### EXERCISE BRIEF
Please output exactly the lines from the one that holds "Une pelle hydraulique" through the final line of the data, and nothing else; leave out any pictures.

### DATASET EXTRACT
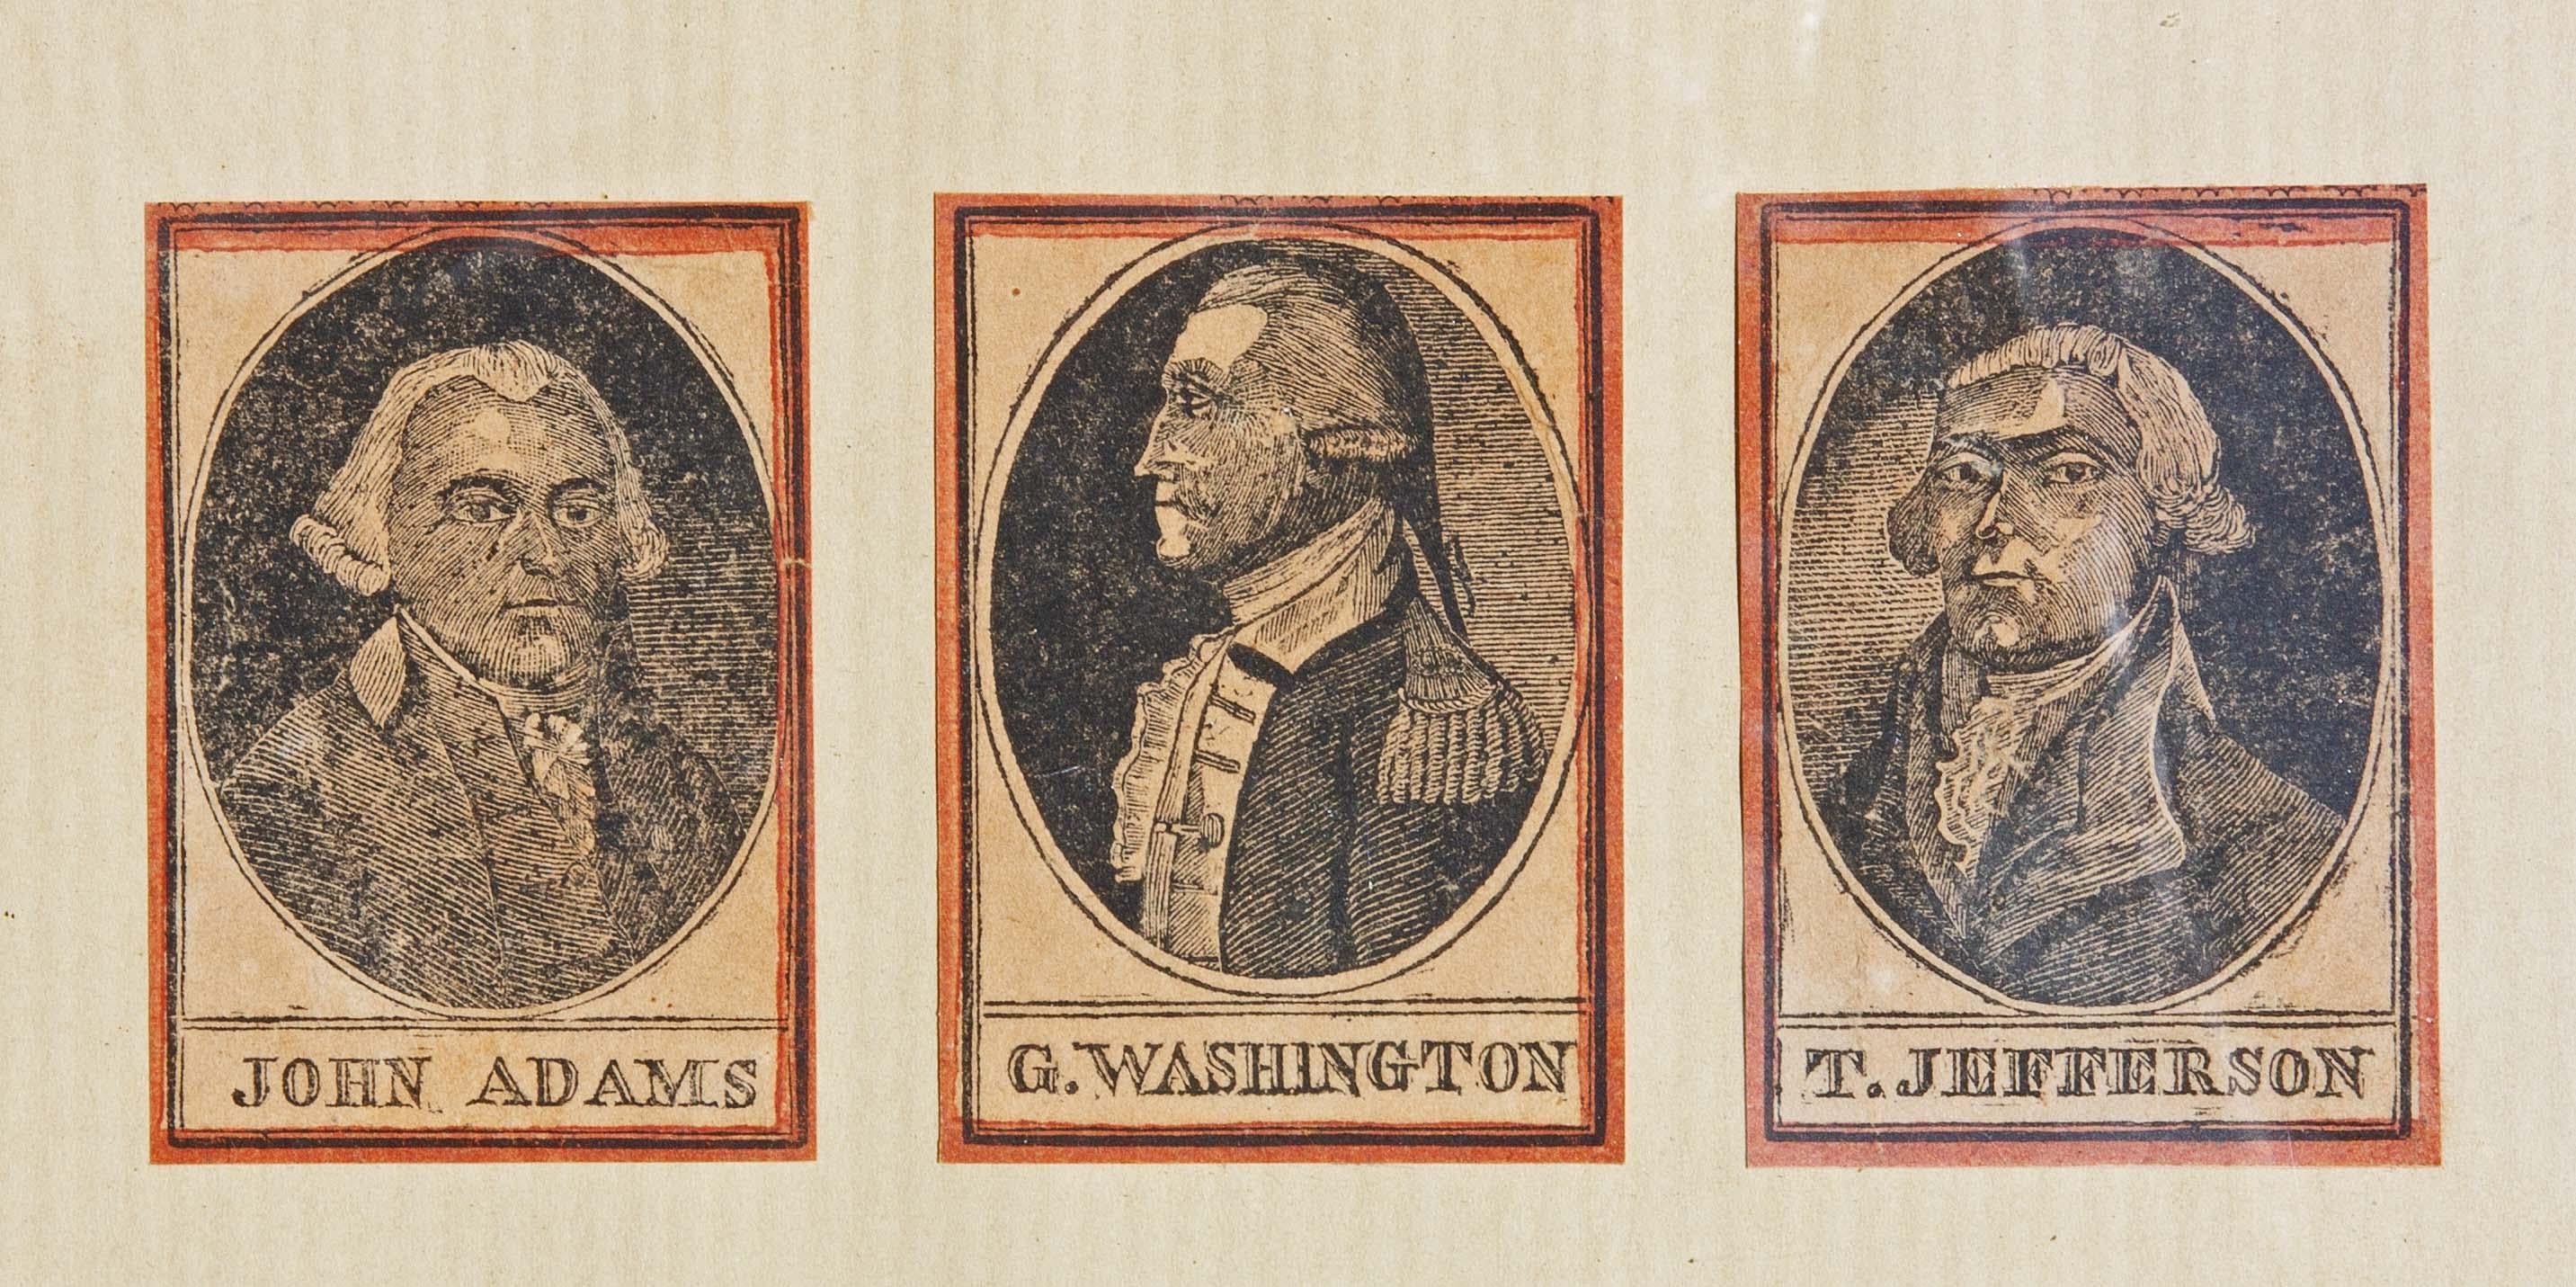 Porträtstiche des 18. Jahrhunderts von George Washington Thomas Jefferson 
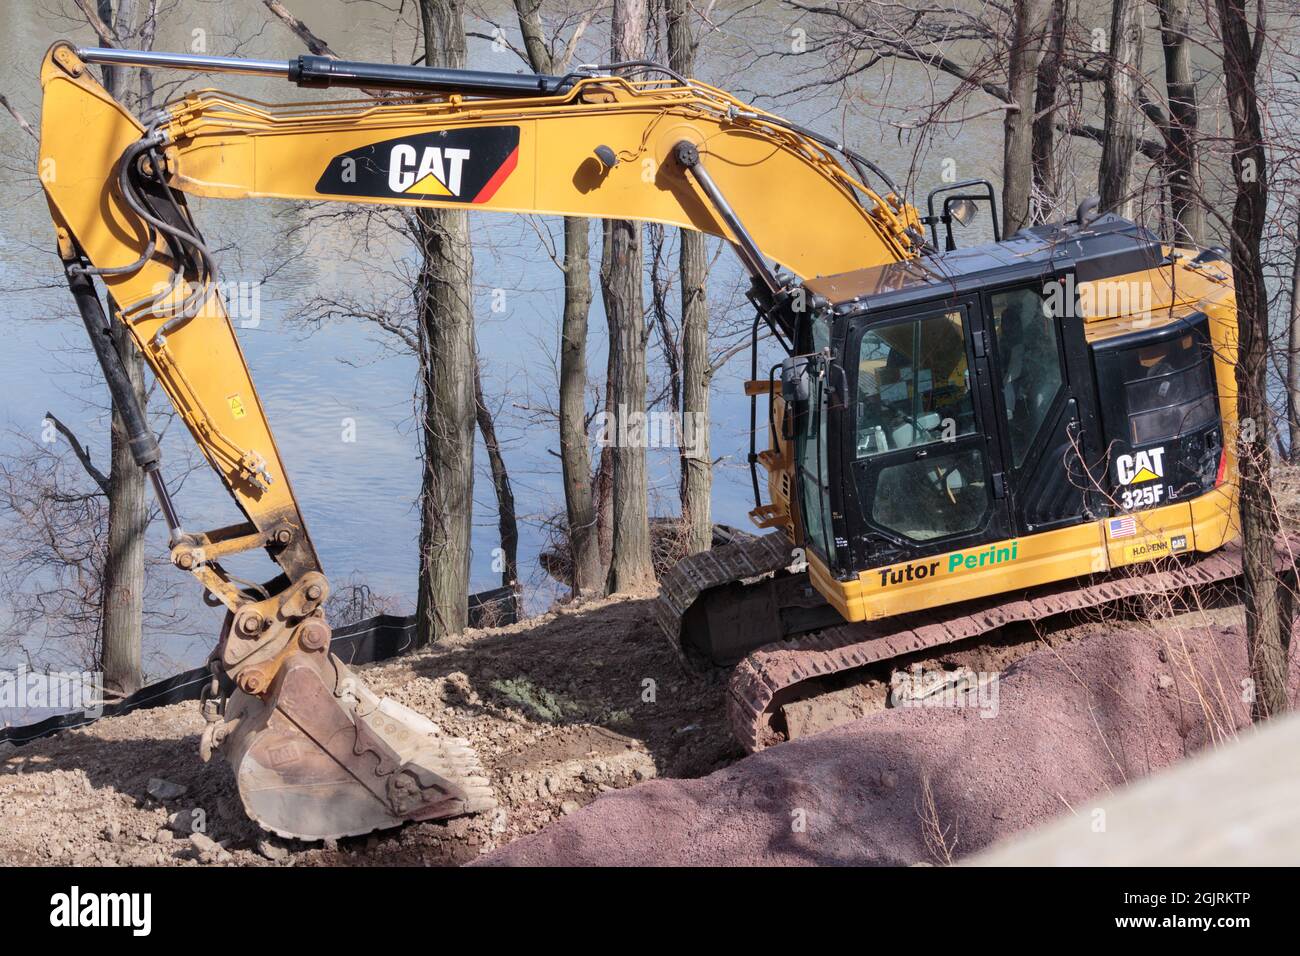 Une pelle hydraulique 325f Cat stationnée sur le flanc d'une colline sur le fleuve Hudson, par la marque Caterpillar, avec une étiquette Tutor Perini, une construction majeure Banque D'Images
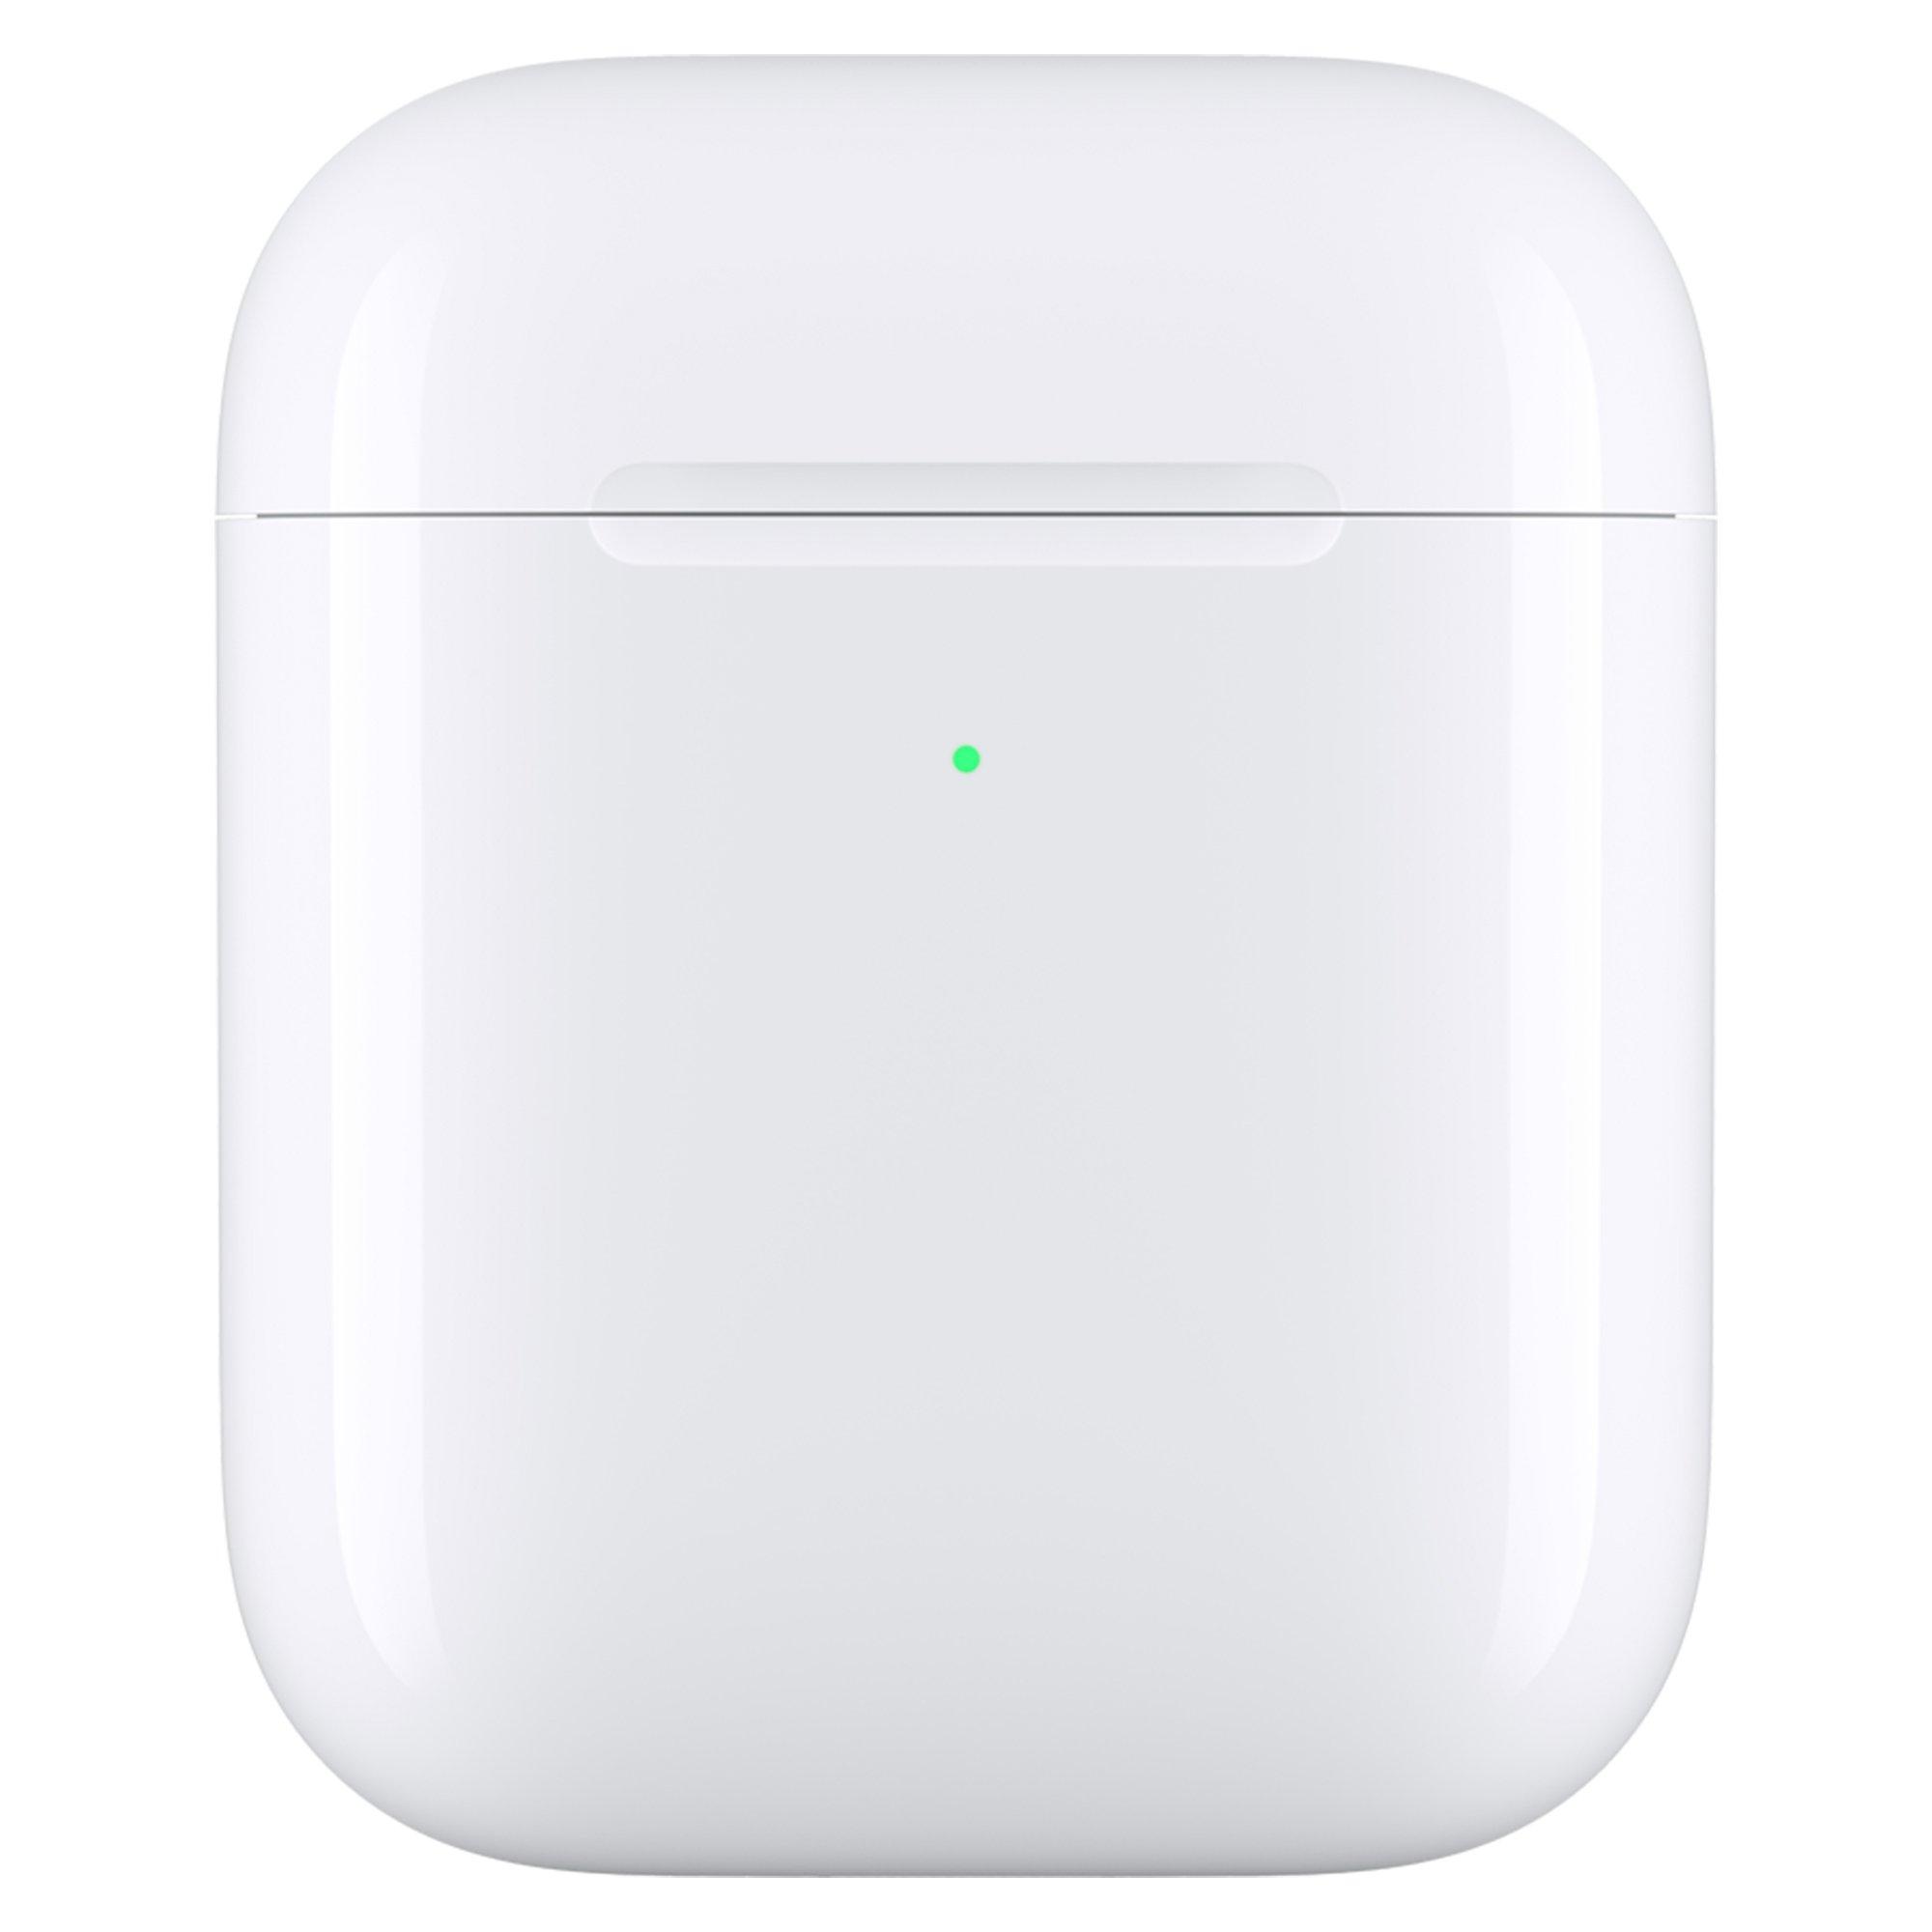 Apple Wireless Charging Case AirPods Étui de rechargement

### EXERCISE SOLUTION
 Une pelle hydraulique 325f Cat stationnée sur le flanc d'une colline sur le fleuve Hudson, par la marque Caterpillar, avec une étiquette Tutor Perini, une construction majeure Banque D'Images
 Apple Wireless Charging Case AirPods Étui de rechargement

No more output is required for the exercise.